TaxMasters’ sales reps answered incoming calls from people with tax problems with the IRS. The sales reps told potential customers that TaxMasters had a success rate in the high-90 percentile for reducing the amount of taxes customers owed. Some potential customers were also told that IRS collection actions would stop once the customer signed up and paid a fee to TaxMasters. According to one sales pitch: “It’s automatic, that’s what the IRS consultation does, it pulls your name, it pulls your number out of the collection process.” In reliance on these statements, taxpayers paid thousands of dollars for representation from TaxMasters. In return? TaxMasters would “go slow” with communication with the IRS, while telling the taxpayer they were negotiating a compromise. In fact, in some cases, nothing was happening and the taxpayer incurred thousands of dollars in penalties and interest for late payment of taxes.
Often, the only “service” offered by TaxMasters was to send the taxpayer forms, such as an “offer of compromise,” that were readily available for free from the IRS.
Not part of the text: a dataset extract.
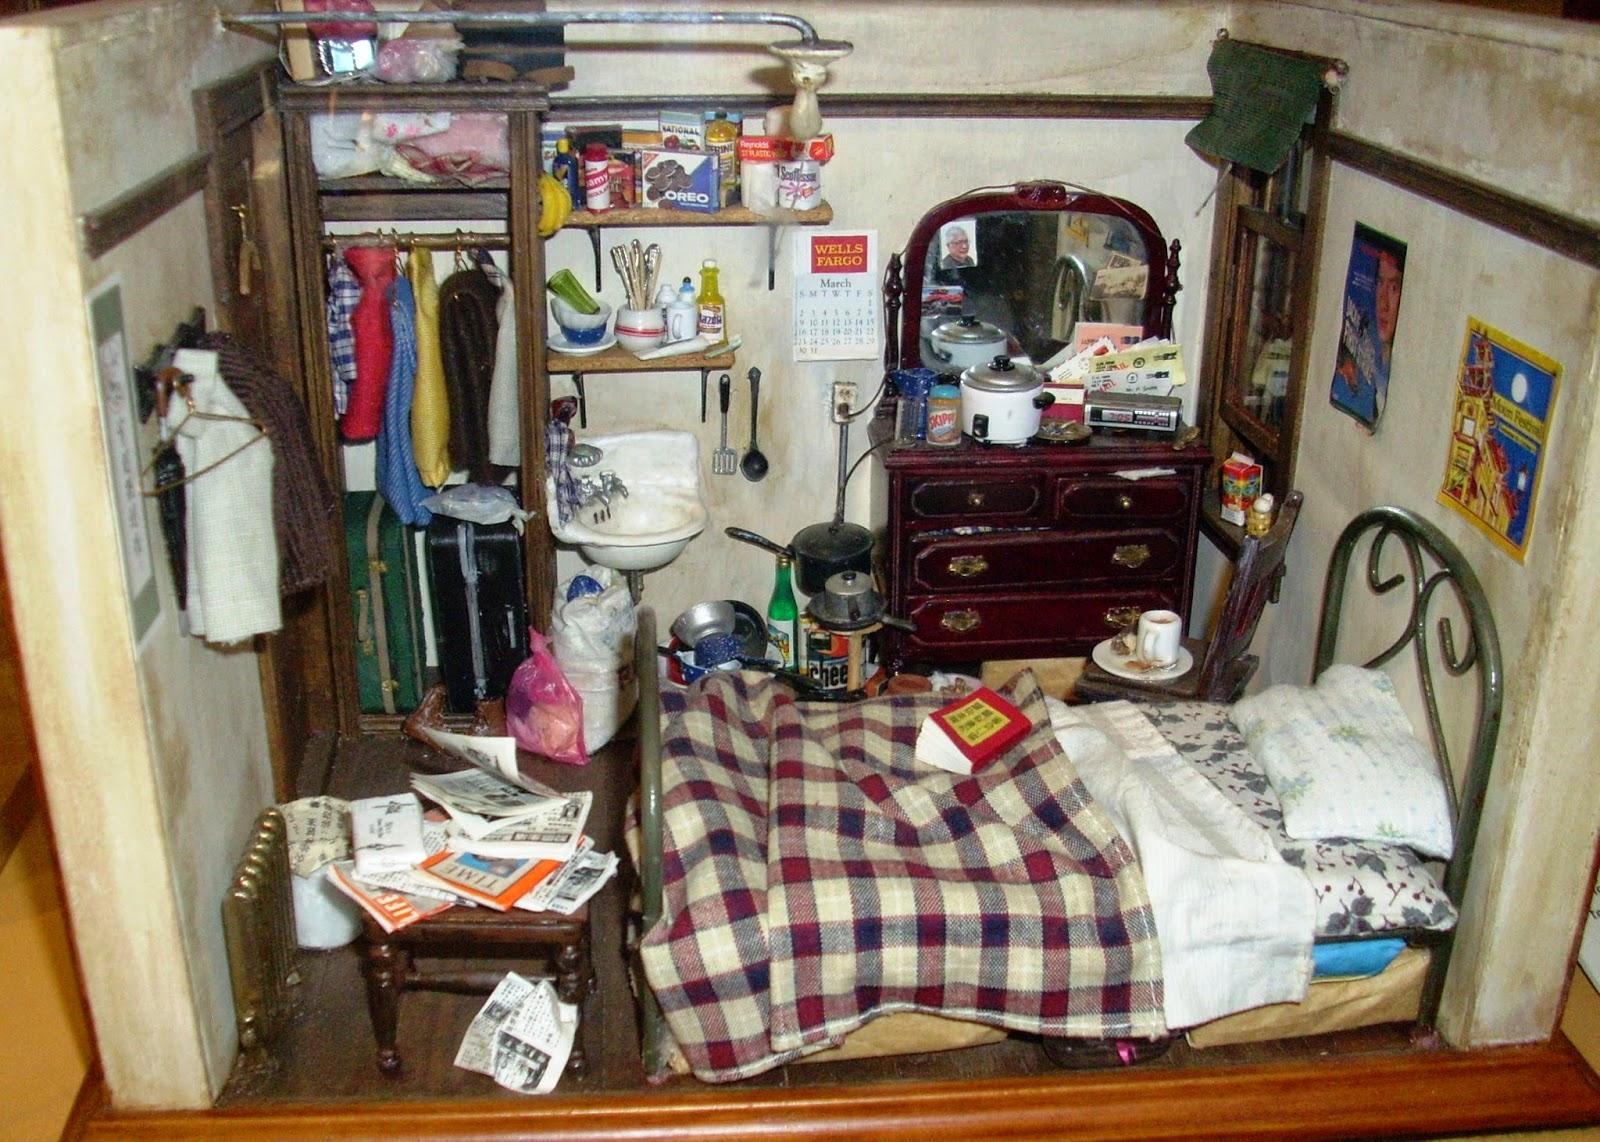 Single Room Occupancy Housing

TaxMasters promised that it could settle IRS claims for “pennies on the dollar.” According to the IRS Taxpayer Advocate Service, such promises were not being straight with their customers. According to an official at the IRS Taxpayer Advocate Service, some taxpayers retained a tax service and then, to their detriment, ignored correspondence from the IRS because they thought the consultant was communicating with the IRS. Not so, and the taxpayer was caught with more penalties.
In 2010 Attorney General Lori Swanson was one of the first government officials in the country to take action against TaxMasters, filing a lawsuit against the company in December of 2010. The lawsuit accused the Texas company of collecting up-front fees of as much as $8,000 while falsely claiming it could reduce tax debt by as much as 90% and stop garnishment of wages.
In 2012 TaxMasters—the company that claimed to be an expert in helping people avoid financial problems with the IRS—filed for Chapter 11 bankruptcy.